Horror in a Hospital

     PORTLAND, Ore. (CN) – A woman died after yelling “Stop!” as a hospital pumped her stomach, which grew to a “grossly abnormal size” as nurses “just look(ed) at each other,” her daughter claims in court.
     Lorraine Graham, daughter of the late Ellen Brister, sued Legacy Emanuel Hospital & Health Center and two nurses, Multnomah County Court.
     Defendants Daphne Anderson and Jamie Carlson are both registered nurses, according to the complaint.
     Graham says her mother went to Legacy Hospital on April 1, 2011, complaining of stomach pain. A Dr. Campbell “determined that decedent should have her stomach pumped due to a suspected blockage,” the complaint states.
     Campbell, whose first name is not given, is not a party to the lawsuit.
     “Defendants Anderson and Carlson were designated and directed by defendant Legacy or an authorized defendant agent of defendant Legacy to carry out the prescribed medical procedure intended to alleviate the suspected blockage,” the complaint states.
     Graham claims the nurses took her mom to a room equipped for the procedure, gave her some medicine, and then “placed a nasogastric tube through decedent’s nose into her stomach.”
     After inserting the tube, Graham says, one nurse stood near her mom’s bed while the other stood next to “a switch on the wall where the nasogastric tube was inserted.”
     “Several family members were in the room immediately before the procedure and either Anderson or Carlson asked that a family member remain to give decedent support,” the complaint states.
     “Nicole Marie Brister, decedent’s granddaughter, was the family member who remained in the room for support for her grandmother.
     “Plaintiff can find no entries in the medical records of Legacy for decedent that record what happened next, as described by Nicole Marie Brister from her observation as she held her grandmother’s hand.

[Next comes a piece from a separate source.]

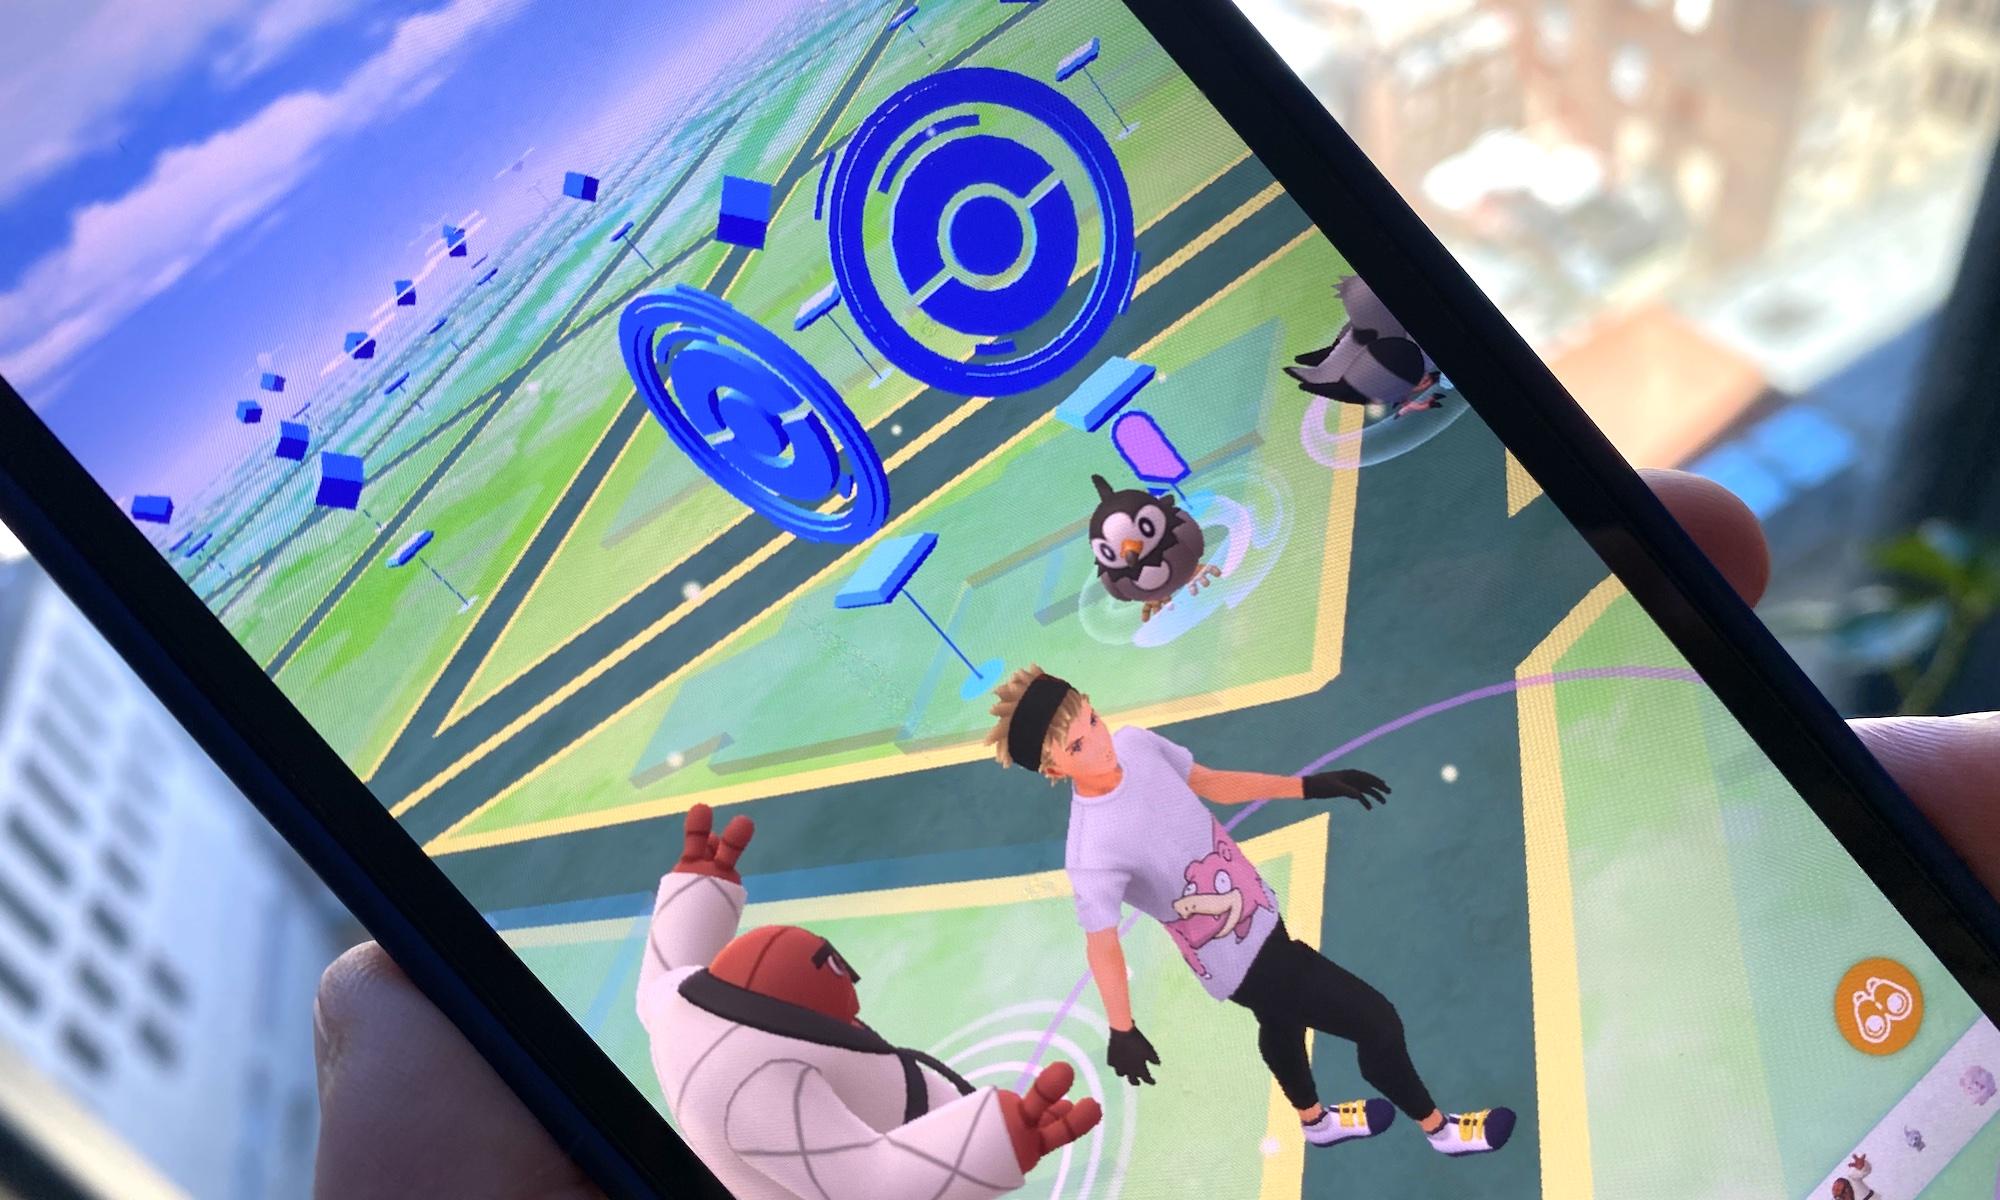 A trainer walks near Pokestops in a photo of Pokémon Go running on an iPhone

     “Anderson and Carlson communicated with one another as one stood by a switch on the wall and the other beside the bed, confirming that all was ready and to initiate the procedure by activating the switch.
     “Of Anderson and Carlson, the one by the switch activated the mechanism that was intended to initiate the procedure.
     “Immediately upon activating the mechanism the decedent’s stomach quickly expanded to a grossly abnormal size.
     “Immediately upon the mechanism being activated, decedent began yelling ‘Stop, stop, stop.’
     “Anderson and Carlson remained calm, simply looking at each other while the decedent was shouting ‘Stop, stop, stop.’
     “Nicole Marie Brister yelled to either Anderson or Carlson, the one standing by the switch, to ‘Turn it off.’
     “Of Anderson and Carlson, the one by the switch said to the one beside the bed, ‘I think we should turn it off’, or words to that effect.
     “Of Anderson and Carlson, the one beside the bed responded in the affirmative manner.
     “The decedent’s eyes rolled back in her head and she lost consciousness.
     “Of Anderson and Carlson, the one manning the switch turned it off.
     “A ‘code’ was called and the decedent, who was bradycardiac by that time, was taken into another room where hospital staff worked to save her life.” (Citation to other paragraphs in this complaint omitted.)
     Bradycardia means an abnormally slow heartbeat.
     Graham says that her late mother “bears no fault in this matter” because she was sedated and completely under the nurses’ control.
     She claims that “the ability to cause fatal damage to a patient literally within seconds in a hospital setting, as exemplified in this case, should not exist. There should be safety devices that make it impossible to activate such a potential[ly] destructive mechanism of injury. Accordingly it is believed and therefore alleged that there is a deficiency in the design, manufacturing or installation of the equipment that caused the fatal injury to decedent in this case.”
     Graham blames Anderson and Carlson. She claims they “negligently operated the mechanism; negligently failed to monitor the procedure, allowing the extensive damage before taking corrective action; negligently failed to convey the specifics of what happened timely to other hospital staff; and may have been negligent in other ways to be determined upon for further investigation and discovery.”
     She seeks damages for wrongful death and medical negligence.
     She is represented by Ernest Warren, with Warren & Sugarman.